Aftab, from the weekly Panjareh, quotes an unnamed high-ranking intelligence official, who admits that post-election arrests, especially those of the first round of senior reformists, were planned ahead of the 12 June vote.

The detentions were a preventive measure because Iranian intelligence agencies anticipated major unrest which could get out of control. The official said, "Our law is not appropriate to fight against 'soft war', so we had to take these measures [to save the system]. The fifth statement of Mosharekat party [Mojahedin of Islamic Revolution] clearly speaks of establishing a secular system."

1030 GMT: Rafsanjani Watch. On another front, Mehdi Hashemi, the son of former President Hashemi Rafsanjani, has warned the regime to "stop spreading lies" and to "beware of the time, when I speak out". Hashemi, who is currently in London, has been threatened by the Iranian authorities with prosecution for alleged corruption and misuse of funds during the Presidential election.

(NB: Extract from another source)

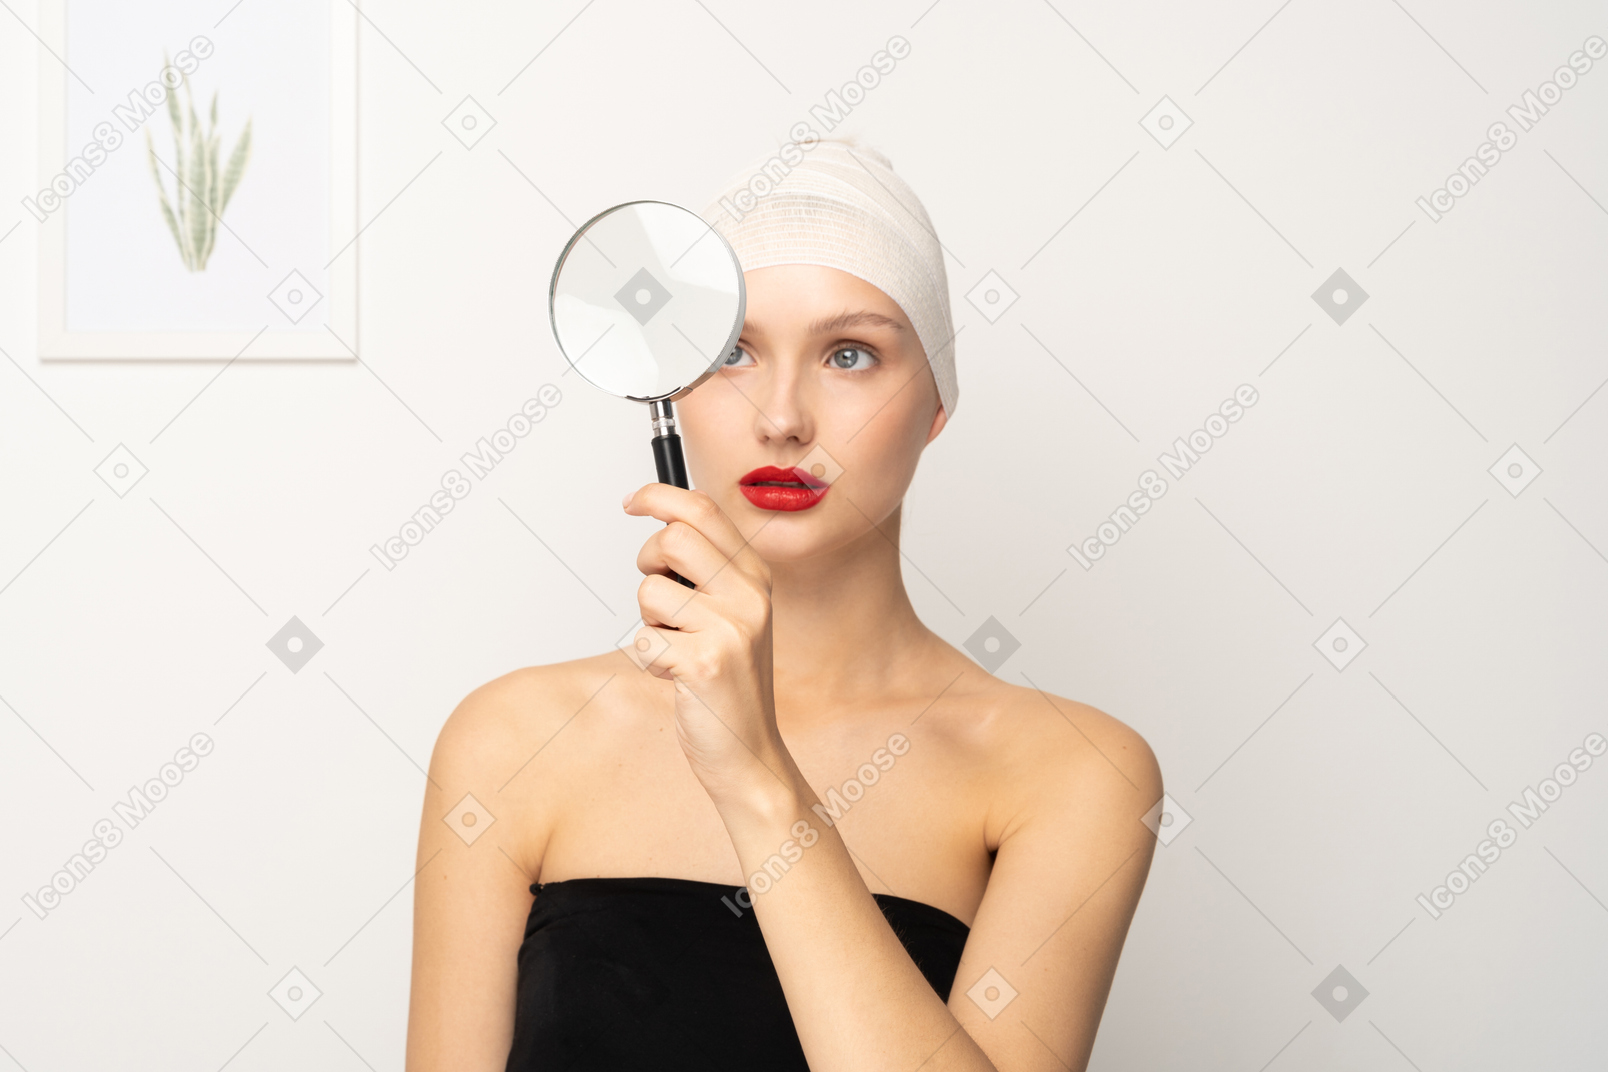 Young woman looking through magnifier

0945 GMT: After an extended break, we return today to a series of powerful responses to the regime, all of which make clear that the challenge to legitimacy will not be crushed.

In a separate entry, we have posted the latest statement of Grand Ayatollah Sane'i, criticising the Government for its misuse of Islam in its lies and detentions.

We also have a second feature: from inside Evin Prison, the detained journalist and filmmaker Mohammad Nourizad has written a letter to the Supreme Leader requesting that he "declare this year the year of national reconciliation and do not fear the reproach". In itself, that is not a direct challenge to the regime --- it acknowledges Khamenei's authority, after all --- however, the letter has special potency because Nourizad's detention was prompted by a previous appeal to the Supreme Leader to recognise the illegitimacies of the election.

Mohsen Armin, member of Parliament and former Vice Speaker, has also launched a spirited criticism of the Government. A senior member of the Mojahedin of Islamic Revolution party, which is now under threat of suspension, Armin denounced lies and threats of prosecution and demanded that the regime address the basic issues of rights and equality.

MP Mohammad Reza Khabbaz has asserted that the inability of the Ahmadinejad Government to make appropriate use of $370 billion oil income is a "catastrophe".